Input records Start Marker

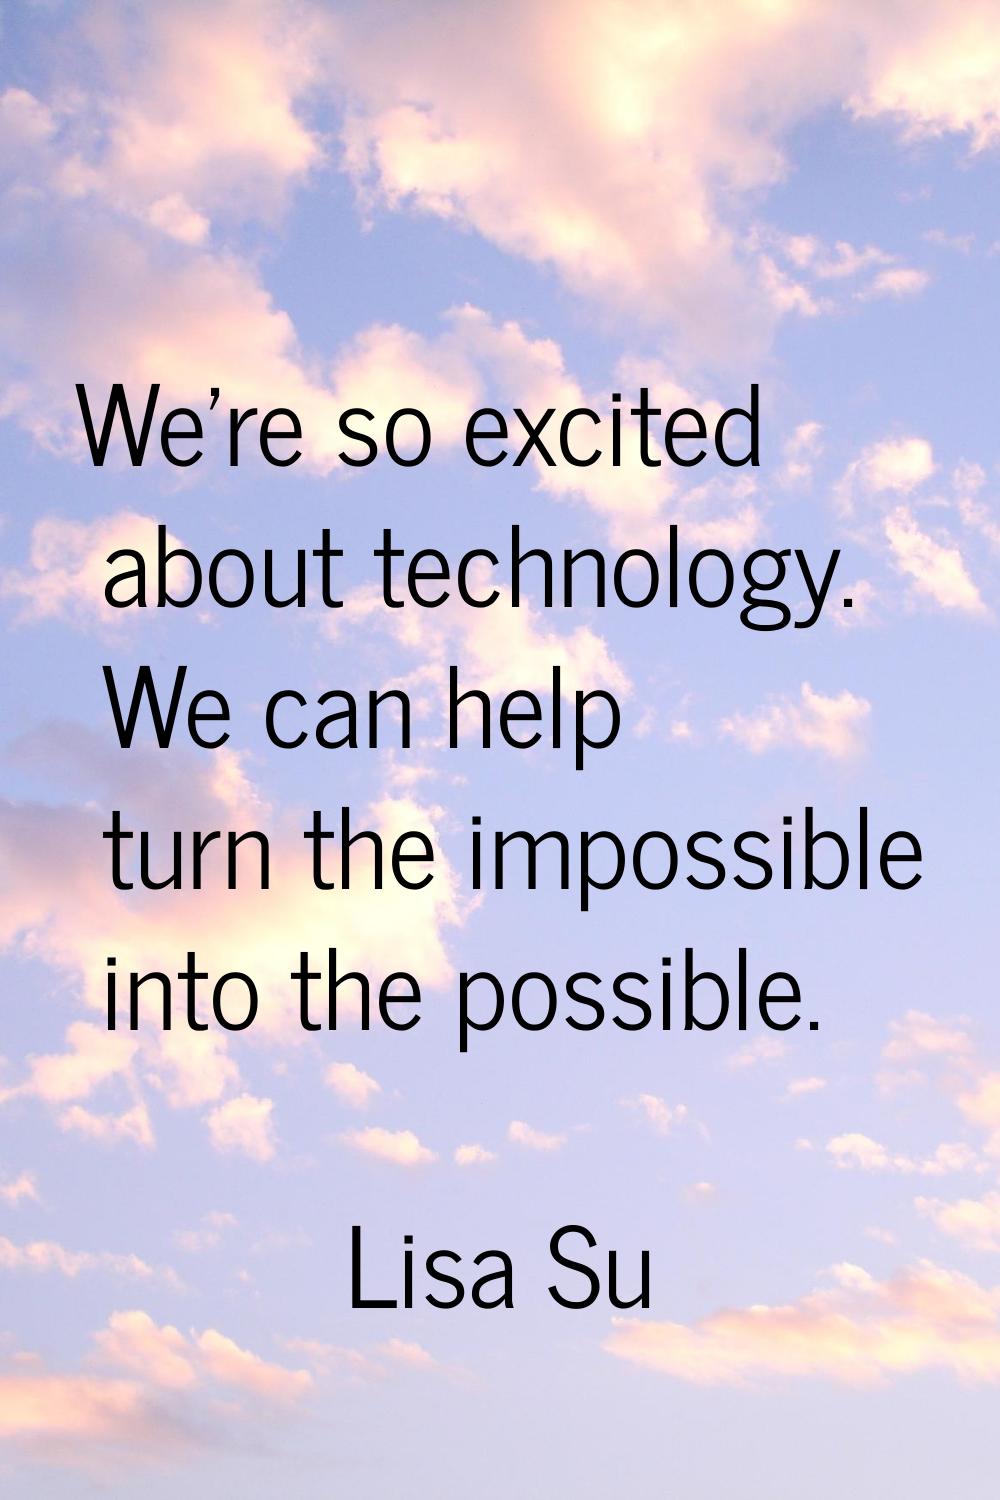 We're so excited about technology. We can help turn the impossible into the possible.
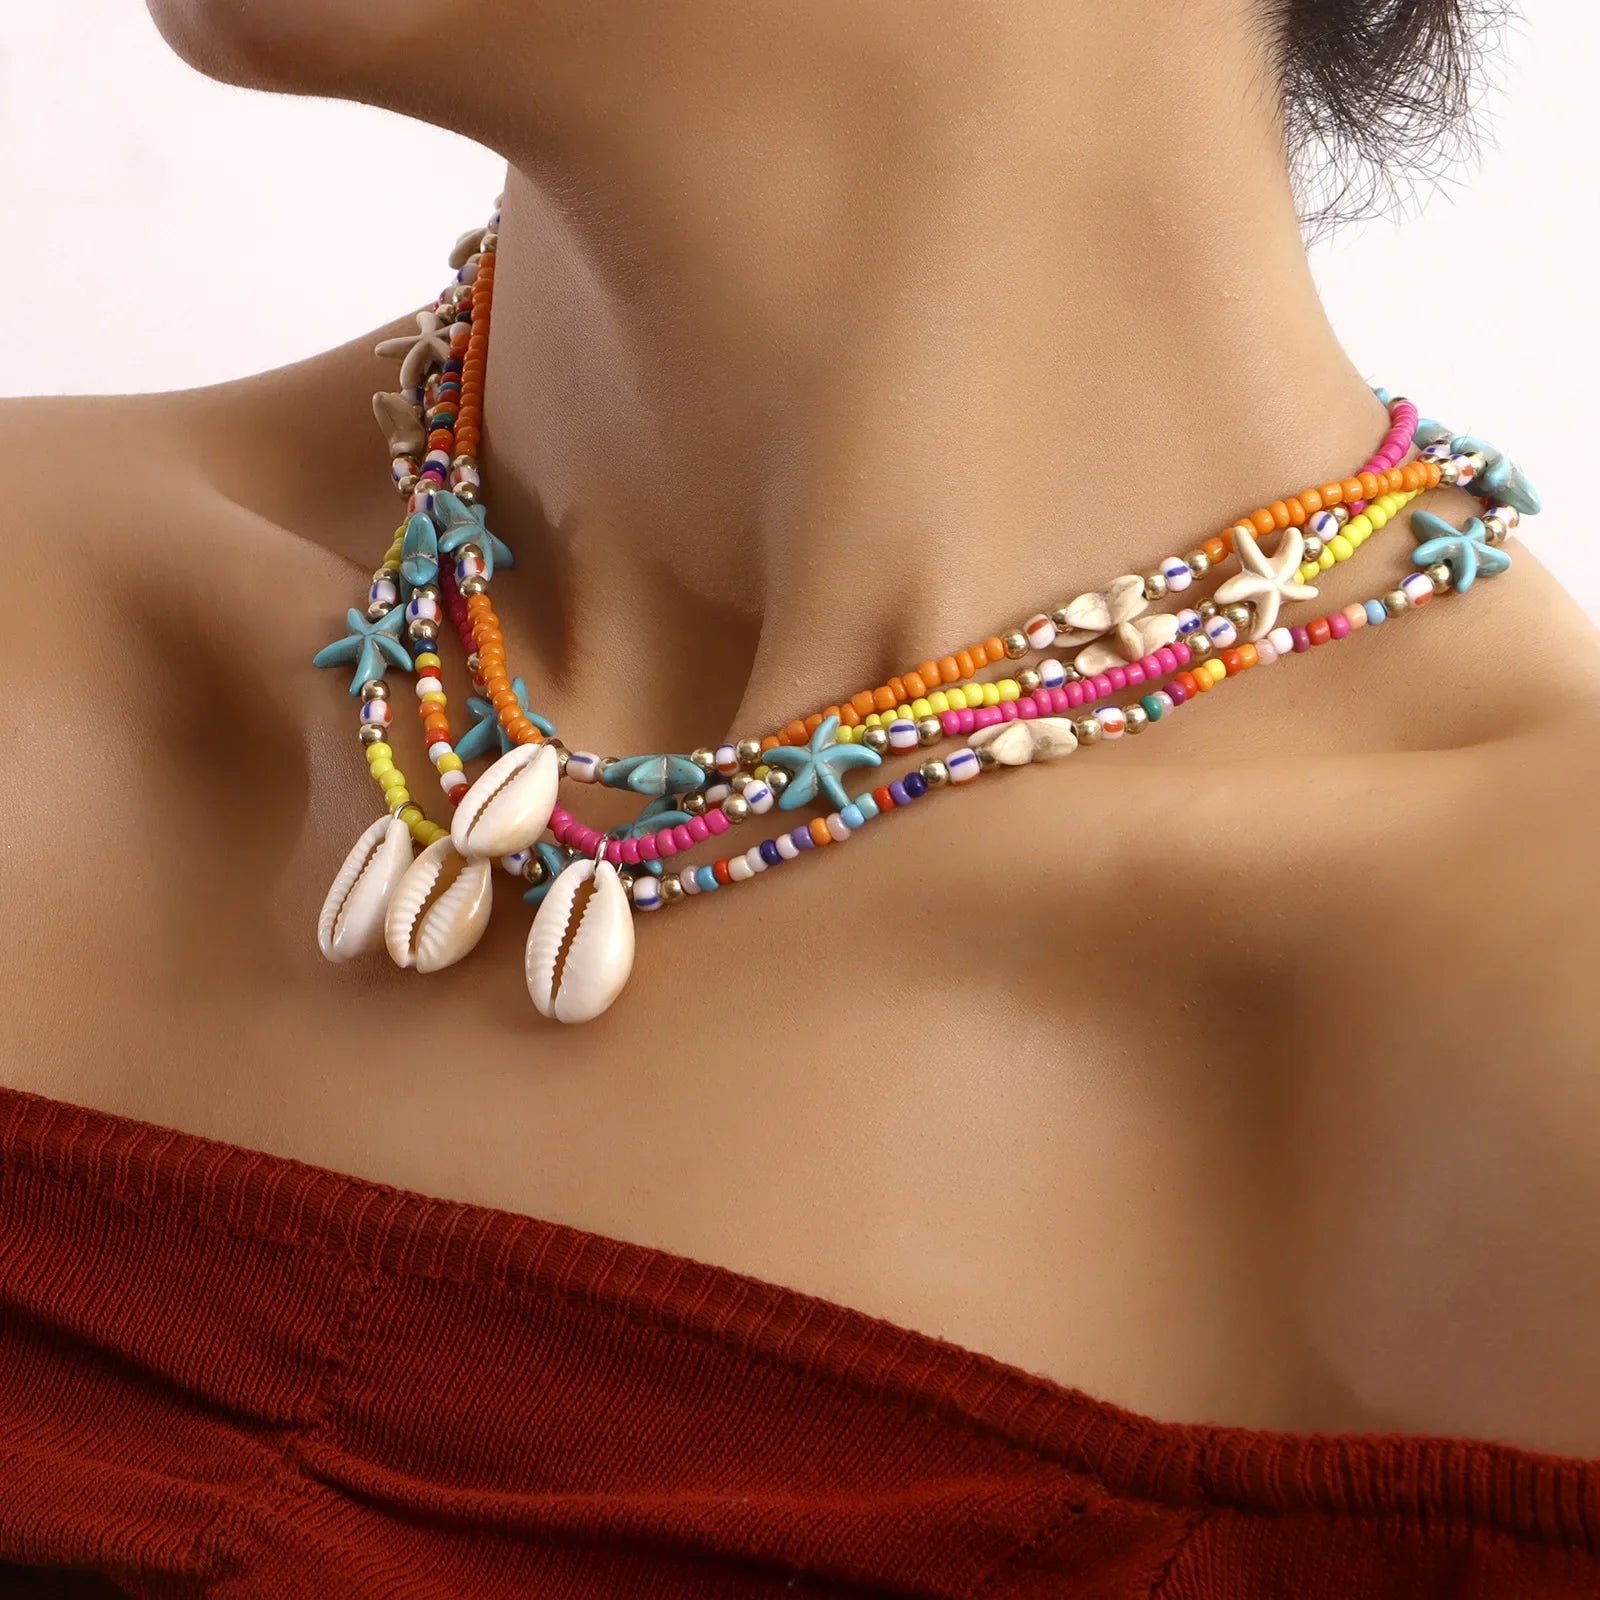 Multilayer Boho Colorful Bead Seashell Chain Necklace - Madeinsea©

Input records End Marker
Input records Start Marker

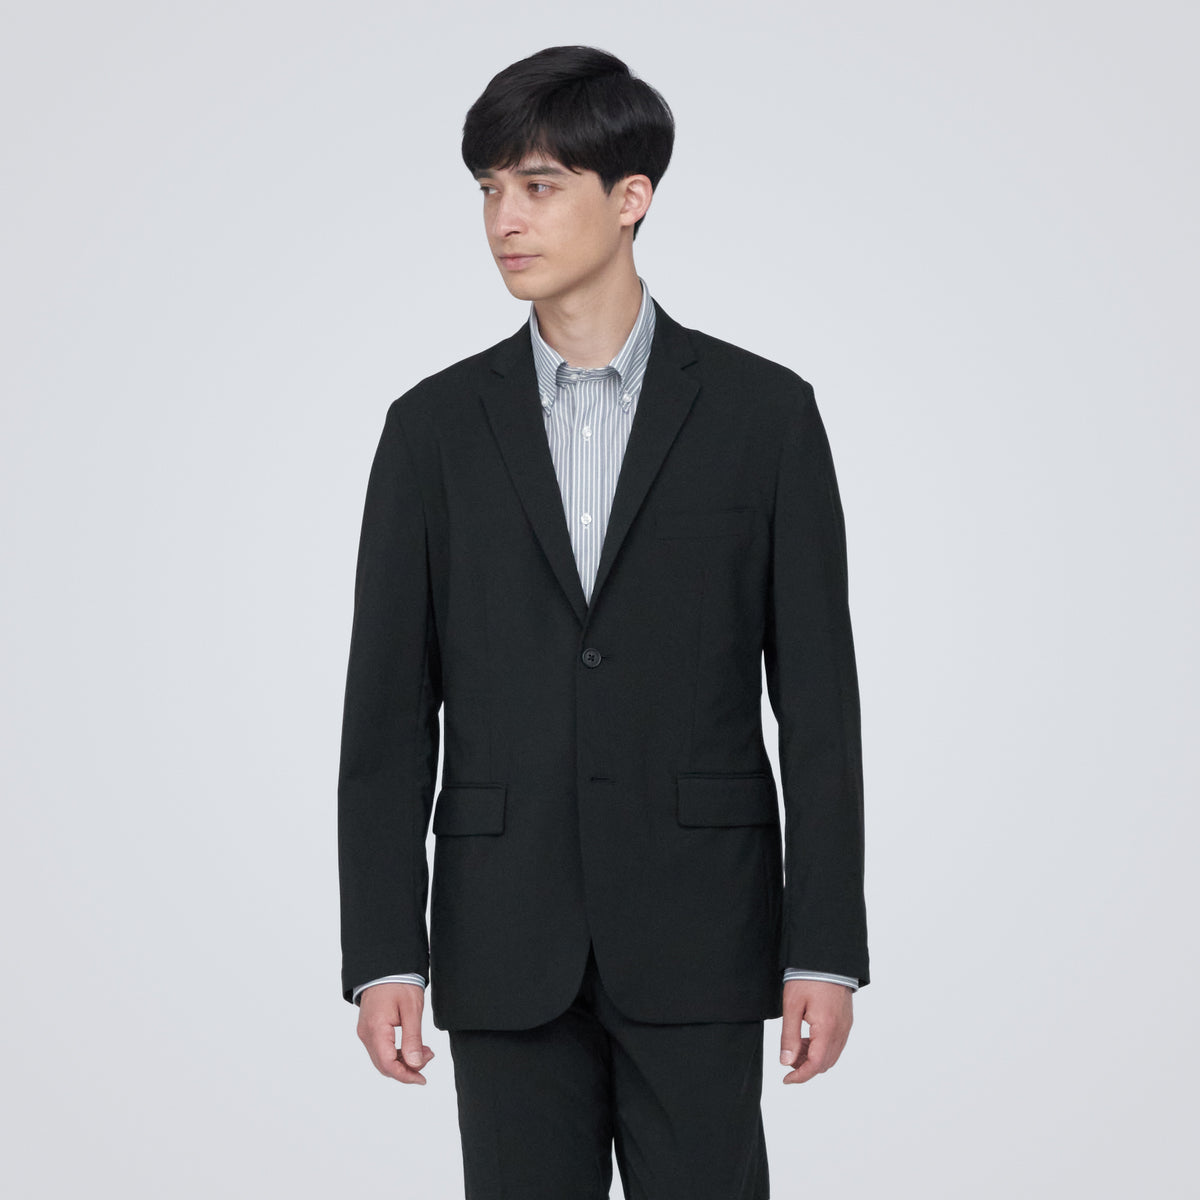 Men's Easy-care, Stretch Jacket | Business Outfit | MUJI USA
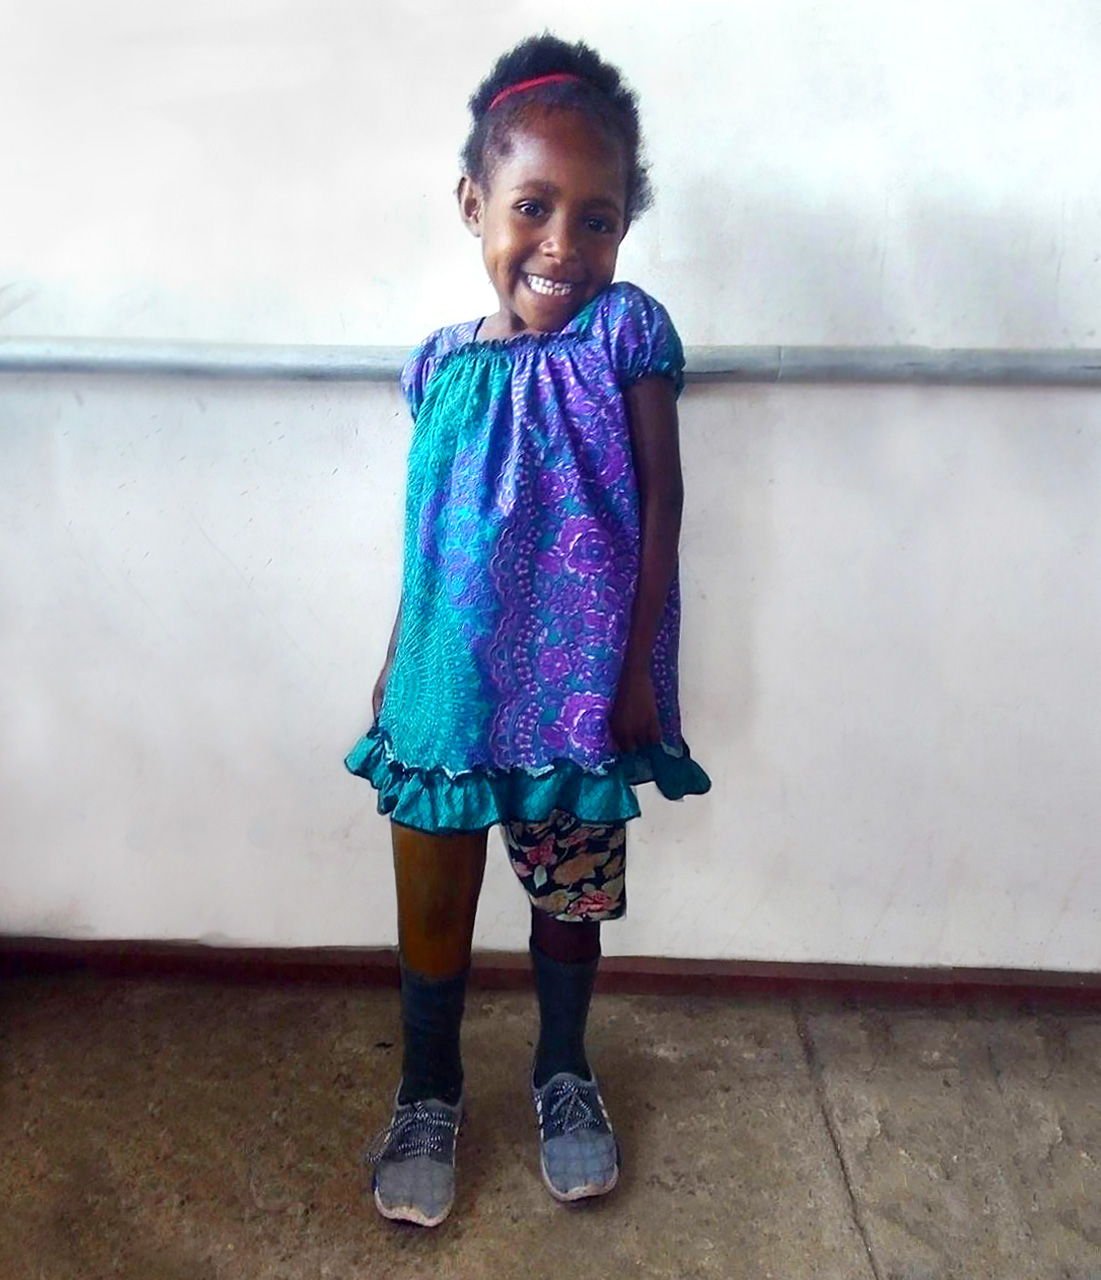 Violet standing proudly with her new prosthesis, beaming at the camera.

Input records End Marker

▸ **Brief**: Set down again, word for word, every line from the one with "We're so excited" to the one with "Multilayer Boho Colorful" in the entries above, and omit the pictures.

▸ **Result of the task**:
 We're so excited about technology. We can help turn the impossible into the possible.
 Multilayer Boho Colorful Bead Seashell Chain Necklace - Madeinsea©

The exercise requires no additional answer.